Ich schüttele vehement den Kopf. "Nur, weil ich mich mit Mama vertragen habe, will ich noch lange nicht mit ihr in einem Haus wohnen", sage ich. "Außerdem kenne ich Orania City in und auswendig. Vielleicht werde ich Dark fragen, ob er einen Auftrag in den anderen Städten für mich hat."

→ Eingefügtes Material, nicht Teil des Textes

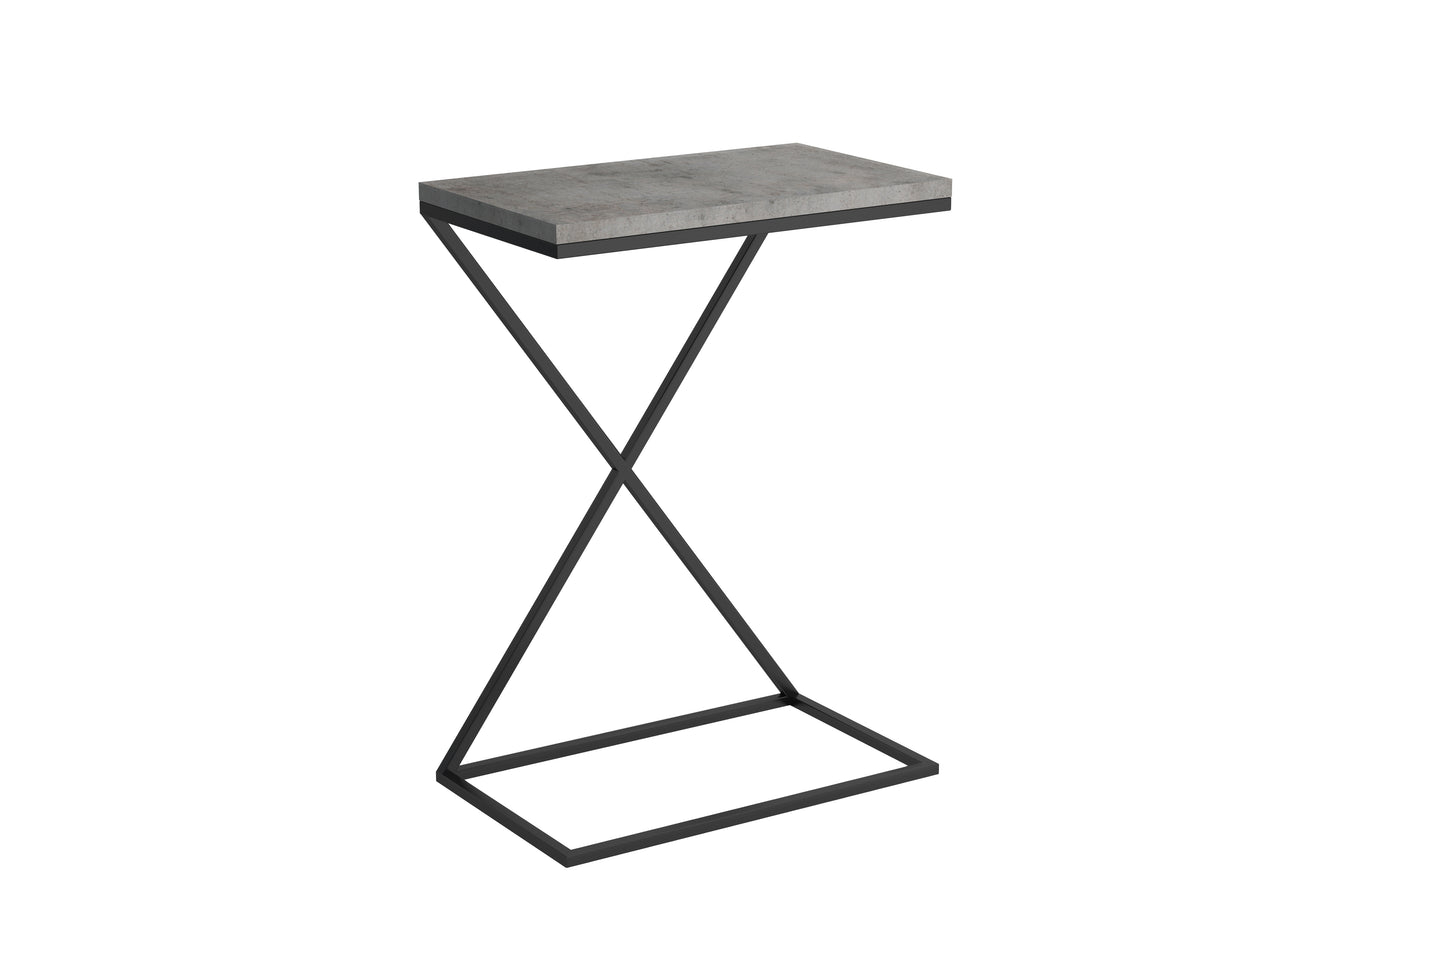 Kolorystyka blatu dostawki stolika Lugo beton-marmur szary. Idealny do nowoczesnych, loftowych pomiesczeń.

"Mir ist egal, wohin wir gehen", meint Louis, während seine Finger beruhigend über meinen Rücken und meine Schulter streichen. "Wir bringen morgen diese Übergabe hinter uns und dann kann es losgehen."

Ich schiele zu ihm hoch. "Louis", beginne ich sanft, "du weiß, dass du nicht mitkannst, oder?"

Seine Hand hält unwirklich inne. "Bitte was?"

"Du kommst nicht mit", wiederhole ich. "Die Polizei wird da sein, zusammen mit mir und Dark wird es ohnehin schon schwierig sein, unsere Anwesenheit zu verstecken. Und du hast keine Maske."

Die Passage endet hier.